This patch set is about enhancing qgroup.

[1/3]: fix a bug about qgroup leak when we exceed quota limit,
	It is reviewd by Josef.
[2/3]: introduce a new accounter in qgroup to close a window where
	user will exceed the limit by qgroup. It "looks good" to Josef.
[3/3]: a new patch to fix a bug reported by Satoru.

BTW, I have some other plan about qgroup in my TODO list:

Kernel:
a). adjust the accounters in parent qgroup when we move
the child qgroup.
	Currently, when we move a qgroup, the parent qgroup
will not updated at the same time. This will cause some wrong
numbers in qgroup.

b). add a ioctl to show the qgroup info.
	Command "btrfs qgroup show" is showing the qgroup info
read from qgroup tree. But there is some information in memory
which is not synced into device. Then it will show some outdate
number.

c). limit and account size in 3 modes, data, metadata and both.
	qgroup is accounting the size both of data and metadata
togather, but to a user, the data size is the most useful to them.

d). remove a subvolume related qgroup when subvolume is deleted and
there is no other reference to it.

user-tool:
a). Add the unit of B/K/M/G to btrfs qgroup show.
b). get the information via ioctl rather than reading it from
btree. Will keep the old way as a fallback for compatiblity.

Any comment and sugguestion is welcome. :)

Yang

Dongsheng Yang (3):
  Btrfs: qgroup: free reserved in exceeding quota.
  Btrfs: qgroup: Introduce a may_use to account
    space_info->bytes_may_use.
  Btrfs: qgroup, Account data space in more proper timings.

 fs/btrfs/extent-tree.c | 41 +++++++++++++++++++++++-------
 fs/btrfs/file.c        |  9 -------
 fs/btrfs/inode.c       | 18 ++++++++++++-
 fs/btrfs/qgroup.c      | 68 +++++++++++++++++++++++++++++++++++++++++++++++---
 fs/btrfs/qgroup.h      |  4 +++
 5 files changed, 117 insertions(+), 23 deletions(-)
Satoru Takeuchi Jan. 7, 2015, 12:49 a.m. UTC | #6
Hi Yang,

On 2015/01/05 15:16, Dongsheng Yang wrote:
> Hi Josef and others,
> 
> This patch set is about enhancing qgroup.
> 
> [1/3]: fix a bug about qgroup leak when we exceed quota limit,
> 	It is reviewd by Josef.
> [2/3]: introduce a new accounter in qgroup to close a window where
> 	user will exceed the limit by qgroup. It "looks good" to Josef.
> [3/3]: a new patch to fix a bug reported by Satoru.

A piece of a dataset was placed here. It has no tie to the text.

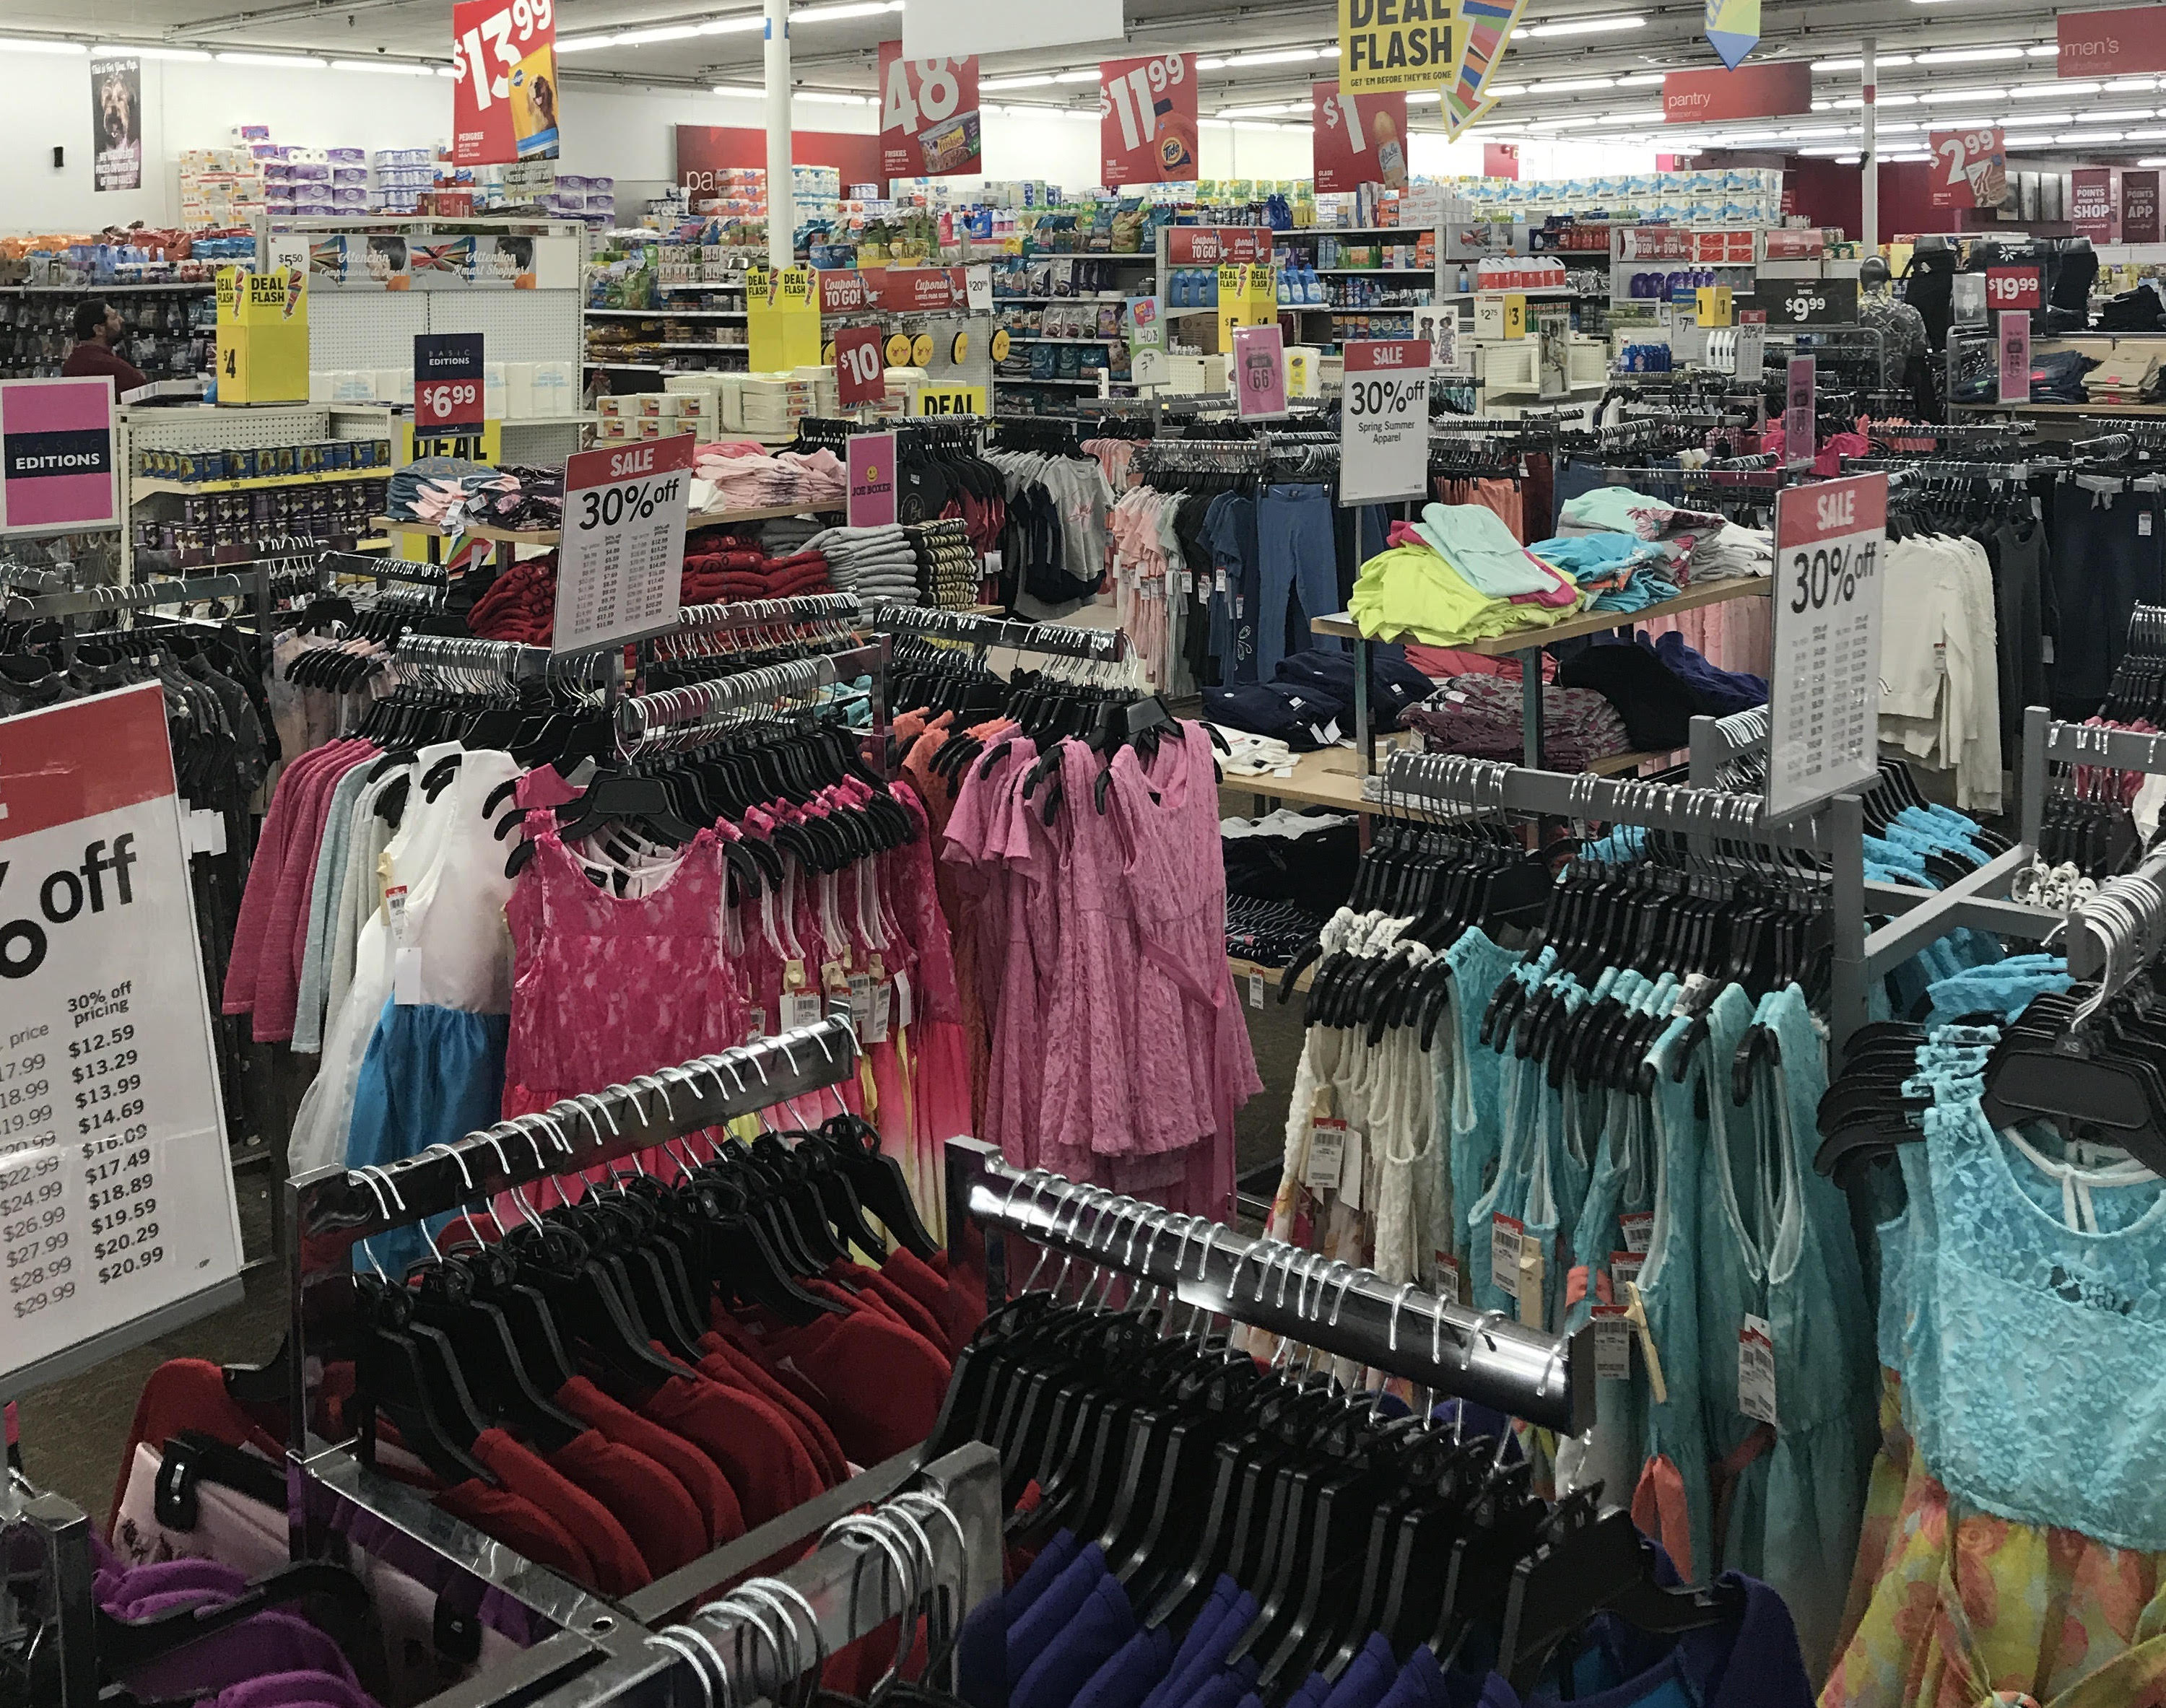 Kmart Is Dying: Photos, Store Tour, 57% OFF

I tested your the patchset v3. Although it's far better
than the patchset v2, there is still one problem in this patchset.
When I wrote 1.5GiB to a subvolume with 1.0 GiB limit,
1.0GiB - 139 block (in this case, 1KiB/block) was written.

I consider user should be able to write just 1.0GiB in this case.

* Test result

===============================================================================
+ mkfs.btrfs -f /dev/vdb
Btrfs v3.17
See http://btrfs.wiki.kernel.org for more information.

Turning ON incompat feature 'extref': increased hardlink limit per file to 65536
fs created label (null) on /dev/vdb
        nodesize 16384 leafsize 16384 sectorsize 4096 size 30.00GiB
+ mount /dev/vdb /root/btrfs-auto-test/
+ ret=0
+ btrfs quota enable /root/btrfs-auto-test/
+ btrfs subvolume create /root/btrfs-auto-test//sub
Create subvolume '/root/btrfs-auto-test/sub'
+ btrfs qgroup limit 1G /root/btrfs-auto-test//sub
+ dd if=/dev/zero of=/root/btrfs-auto-test//sub/file bs=1024 count=1500000
dd: error writing '/root/btrfs-auto-test//sub/file': Disk quota exceeded
1048438+0 records in                    # Tried to write 1GiB - 138 KiB
1048437+0 records out                   # Succeeded to write 1GiB - 139 KiB
1073599488 bytes (1.1 GB) copied, 19.0247 s, 56.4 MB/s
===============================================================================

* note

I tried to run the reproducer five times and the result is
a bit different for each time.

=========================
#	Written
-------------------------
1	1GiB - 139 KiB
2	1GiB - 139 KiB
3	1GiB - 145 KiB
4	1GiB - 135 KiB
5	1GiB - 135 KiB
==========================

So I consider it's a problem comes from timing.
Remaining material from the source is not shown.